PROJECT 3

A. Introduction

Research Question: Can a logistic regression model using carrier, year, flight volume, and airport accurately predict whether a carrier–airport pair had a high proportion (>15%) of flights delayed by 15 minutes or more in December 2019 or December 2020?

The data used in the current project is `airline_delay.csv` from OpenIntro.org, where 3,351 observations are on-time performance in U.S. airlines in December 2019 and December 2020. A row represents a different carrier–airport–month combination. Key variables include:

carrier: airline code (e.g., AA = American, DL = Delta)
airport: three-letter airport code year: 2019 or 2020
arr_flights: the total count of arriving flights for that carrier–airport–month
arr_del15: count of arriving flights that were delayed ≥15 minutes

This gives a modeling dataset with 906 observations after filtering the carrier–airport pairs with more than 50 flights and the 50 busiest airports.

Dataset source: OpenIntro.org
https://www.openintro.org/data/csv/airline_delay.csv

Justification of Modeling Approach

The variable of interest whether the proportion of delayed flights is above 15% is a binary variable (1 = yes, 0 = no).
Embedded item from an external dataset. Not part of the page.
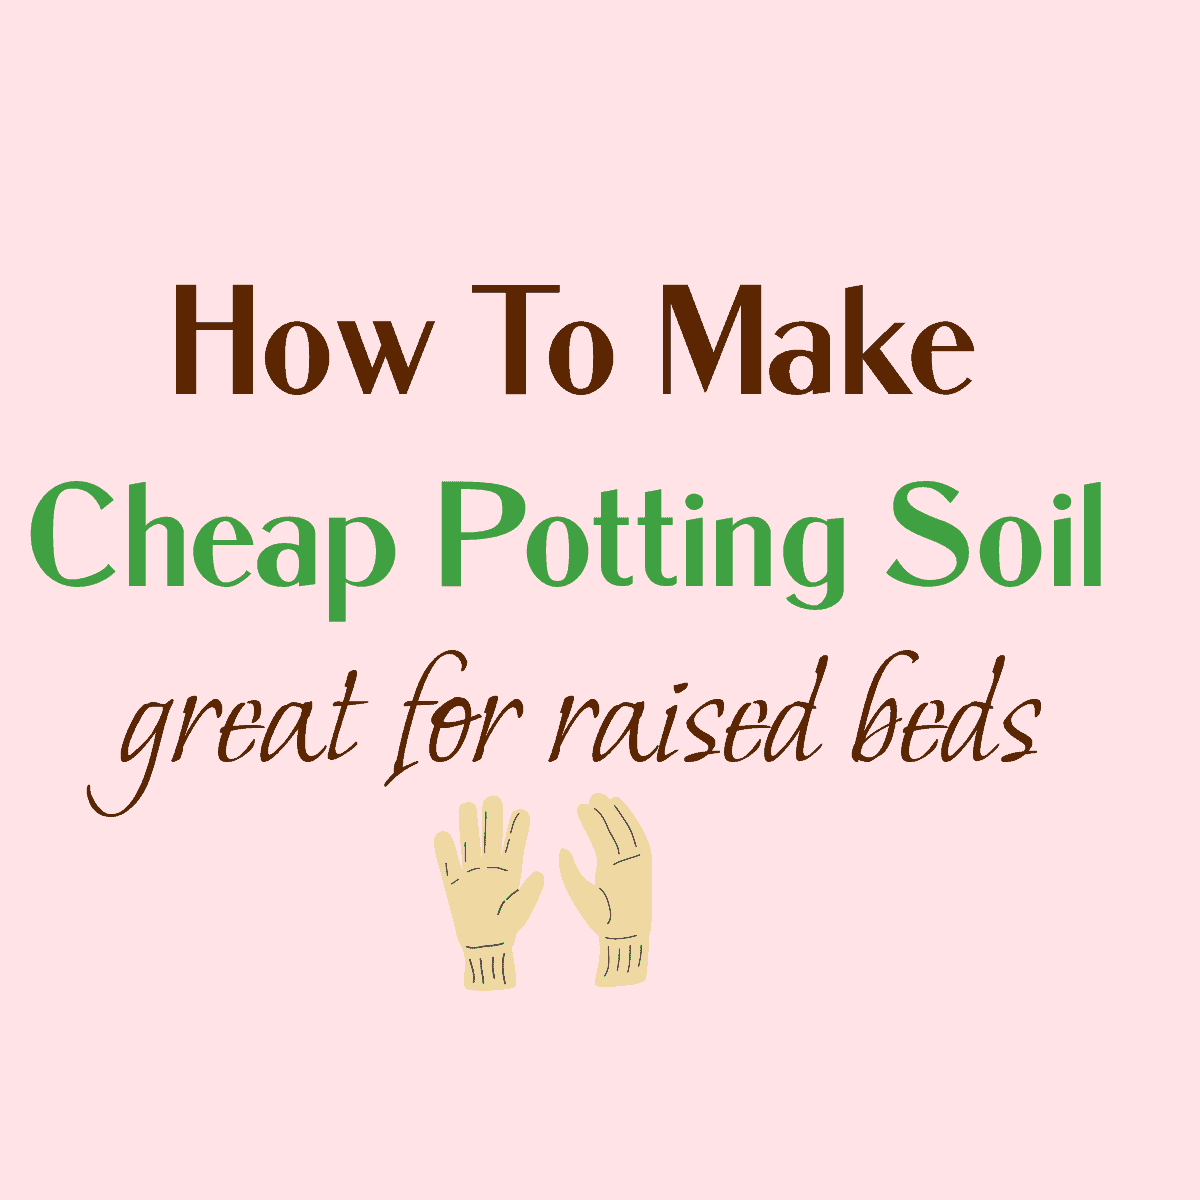 diy potting soil image.

Thus, the appropriate model selection should be logistic regression (not multiple linear regression): this type of model is particularly developed to work with binary categorical responses and explicitly models event occurrence.

We add the following predictors:

carrier and airport as categorical variables (systematic differences in airline operations and airport infrastructure are well-known causes of delays)
year as a factor to capture the dramatic operational changes during the COVID-19 pandemic
log(arr_flights) as a factor to control the scale of operation (routes with high volumes of operations might respond differently to delays)
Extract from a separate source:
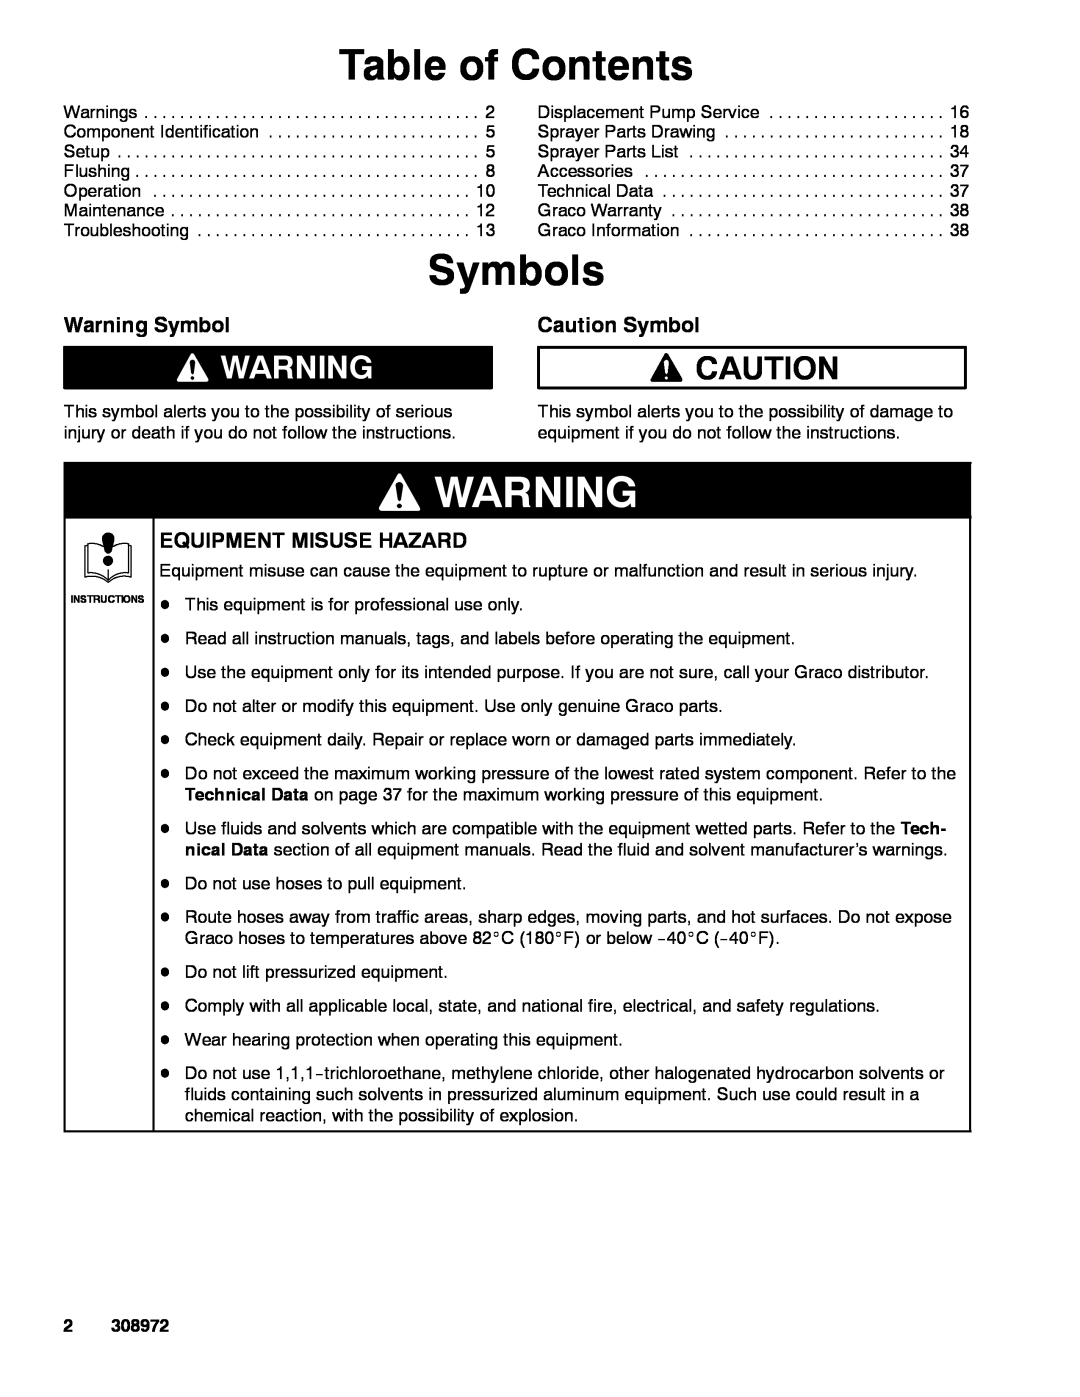 Graco Inc 965165, 687327, 687100, 965168 Table of Contents, Symbols, Warning Symbol, Caution Symbol, Equipment Misuse Hazard

Even though the distributional assumptions of logistic regression are less stringent than those of linear regression, we are going to test the independence of observations, address multicollinearity concerns with high-dimensional categorical predictors, and comprehensively evaluate predictive performance using a confusion matrix (threshold 0.5), ROC curve, and AUC.

B. Data Analysis

Our data analysis and data preparation were based on exploratory data analysis and data preparation with summary(), table(), and at least three dplyr verbs (mutate, filter, group_by + summarise).

The raw data (3,351 rows) indicates that the distribution of arriving flights is strongly skewed (median = 83, mean = 298.3, max = 19,713) with 8 cases with no arr_del15. The figures are quite even: 1,812 in 2019 and 1,539 in 2020.
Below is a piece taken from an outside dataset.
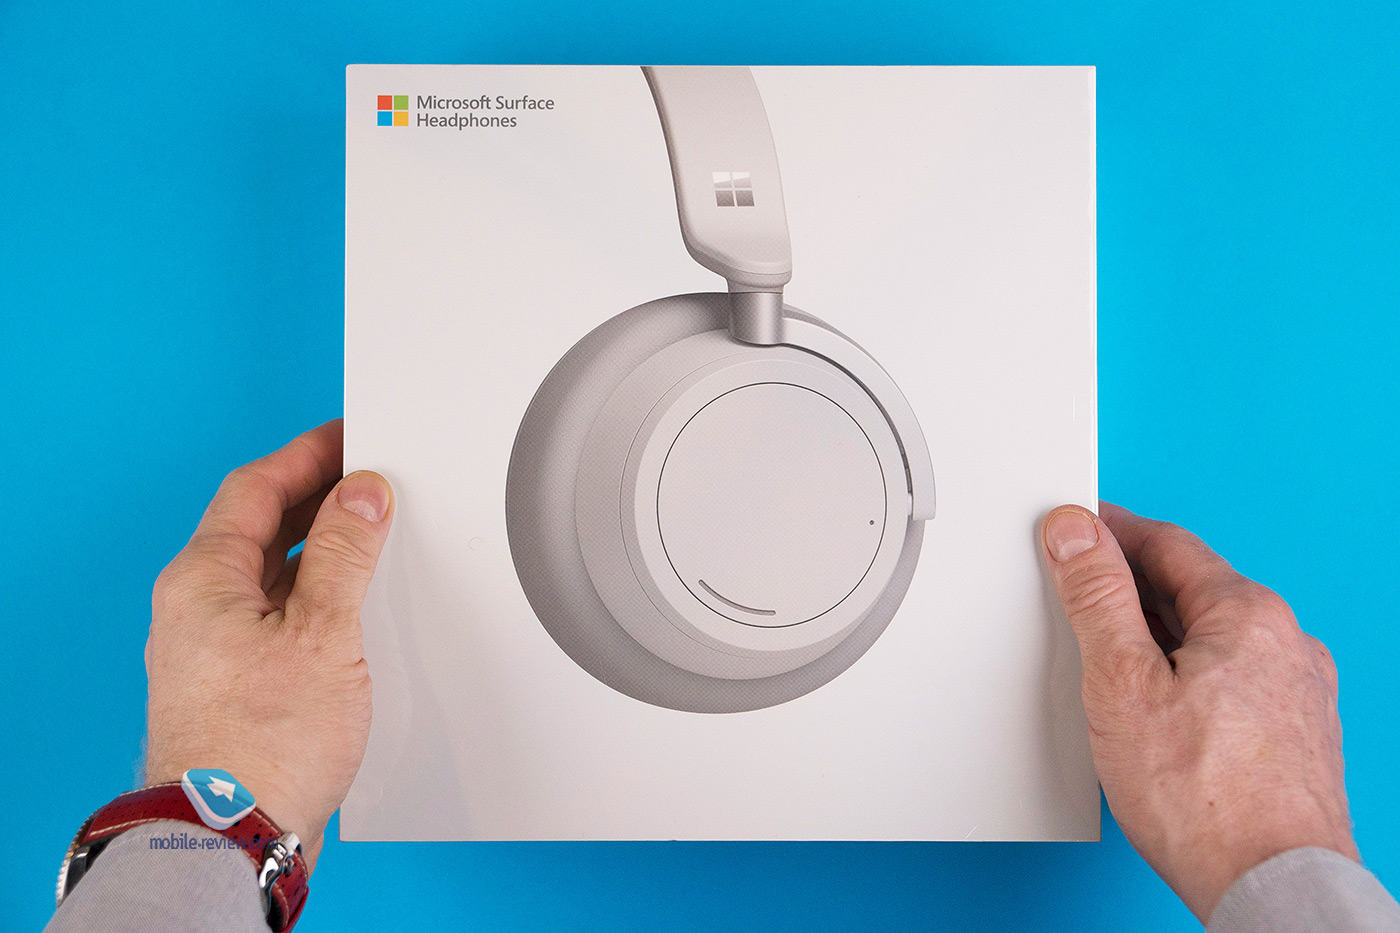      Microsoft Surface Headphones

We similarly formed the delay proportion and binary outcome high_delay (>15%), then filtered on pairs that had >50 flights and the top 50 airports, which left 906 observations.

A carrier summary shows massive performance differences: JetBlue (B6) and Envoy (EV) have an average of about ~27% delayed with almost all pairs in the high-delay category, whereas Hawaiian (HA), Allegiant (G4), and American Eagle (MQ) are also not doing very well. The visualizations affirm the existence of greater delays in 2019, moderate volume-delay correlations, and apparent carrier variations which encouraged the incorporation of carrier, airport, year, and log volume in the logistic model.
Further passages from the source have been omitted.